The Student Quality Advisory Committee (SQAC) meets twice per quarter to discuss issues pertaining to students. Jessica Tam – Mustang Daily

The Student Quality Advisory Committee (SQAC) held its first meeting of the year to discuss any concerns within the student population on Nov. 9 at the Sandwich Factory.

SQAC is an open forum aimed to discover what students need in order to succeed. SQAC coordinator Maddy French said this committee is directed at sharing campus concerns and to discover what is vital for students to make their college experience the most beneficial.

“It’s a way to connect with students informally and find out what is important to students,” French said. “Basically, (we’re here to) help students on-campus, find out what’s happening on-campus and addressing questions students may have.”

The club strives for student quality — how life is viewed on and off-campus and what things can be done to assist in any way possible. Dean of Students for Student Affairs Jean DeCosta finds student involvement to be crucial to improve Cal Poly.

“My interest is hearing from students regarding concerns, issues, problems, even things that go well,” DeCosta said at the meeting. “This is an opportunity for us to get to know (students) and to decide whether there are areas of concern.”

Vice President for Student Affairs Cornel Morton said representation aids the development in making the university exceptional for students.

“The more opportunity we have in the administration to learn about what students are interested in and what students consider important, the better,” Morton said. “That’s why we have college council: ASI, SQAC (and) Poly Ambassador. If SQAC persists, it will persist because students want it to persist. We want to make this work.”

In regards to its members, SQAC participation is selective. The club is based on either invitation or nomination.

“In terms of its structure, SQAC is probably not going to grow to be a 50 member group; it’s not that kind of group,” Morton said. “It’s going to be less than a dozen students (but) that’s not because we’re saying, ‘Don’t come, we don’t want you.’ I think the characteristics of an informal advisory group of this kind is probably going to be more effective if we can focus on particular issues that perhaps a representative body of students bring forward. That doesn’t have to number in the dozens.”

Being student-directed, led and focused, participants of the committee voiced several topics of concern at the meeting. Topics discussed included class registration, potential cheating, the availability and ability to enroll into classes and the overall necessity of general education (GE) classes.
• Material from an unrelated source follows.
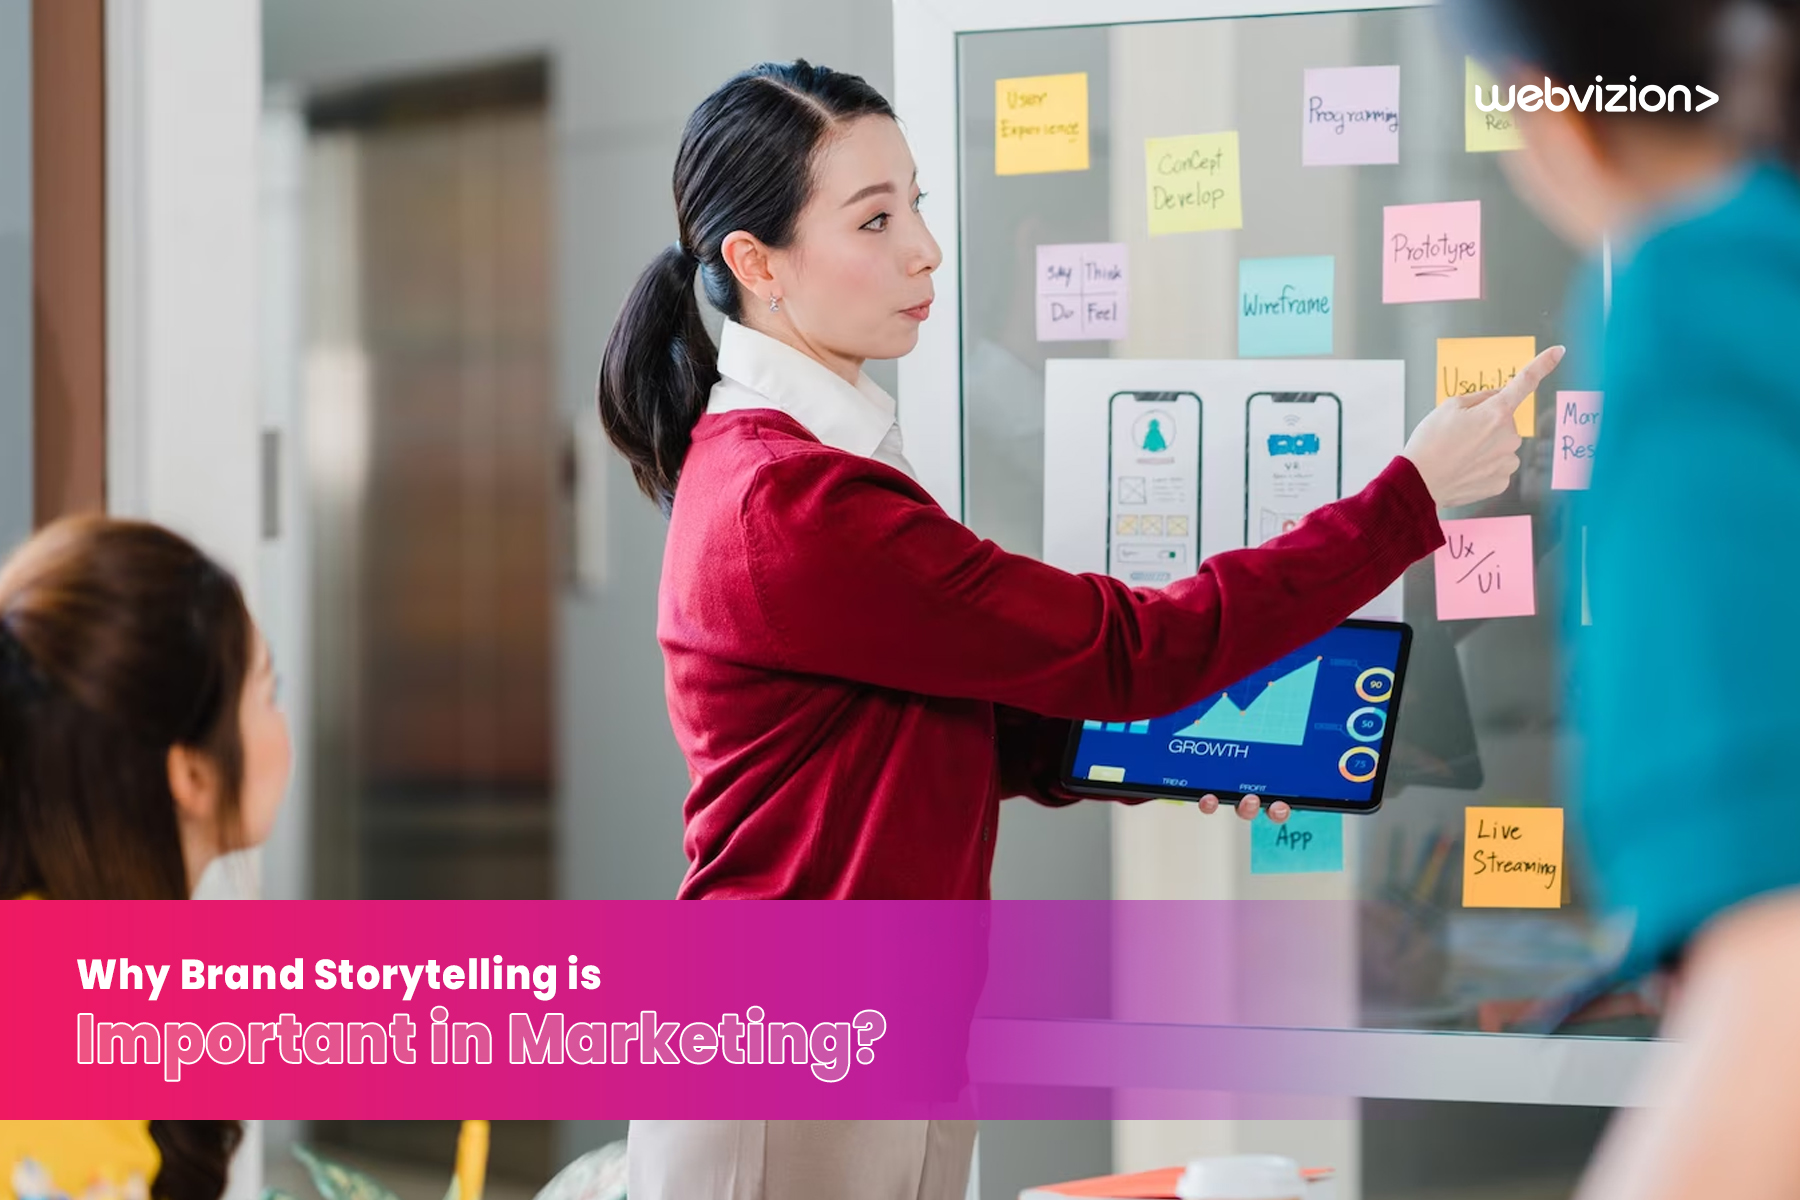 why-brand-storytelling-is-important-in-marketing-webvizion-global

GE classes received mixed reviews. Students said GEs can be a good source for students to expand outside of their major, but the student lack of interest for the courses affects the students.

Social sciences senior Michelle Fox said this is a typical trend with students.

“(GE classes) force teachers to deal with GE kids (who) aren’t there to learn about their major, so there isn’t in-depth discussion,” Fox said. “Kids who are interested in going further are not benefiting from it at all.”

Some students, however, are forced to take classes because of unit requirement or for electives. This means students may be less interested in the subjects.

“People should get into classes that they are interested in,” Fox said. “(For example), if I have to take a D3 and I know that I want to take this class but I don’t get into it, I have to settle for something else. I’m not going to be as excited (for it compared to) that one class I could have had.”

Business administration senior Robin Garcia also said it has to do with the student’s attitude.

“I think it depends on your approach as a student as well,” Garcia said. “With maturity comes more respect for teachers. You may realize that it’s all connected, even though it’s not drawn out for you.”

Regardless, no matter what issues or problems students may deal with, members are glad there is a committee where they are comfortable enough to voice their opinions.

“I think (the SQAC) is great. I’m glad I could give back as a fourth year. Our voice is actually being heard; large-scale surveys are not the same,” Garcia said.

SQAC meets twice a quarter for the whole year.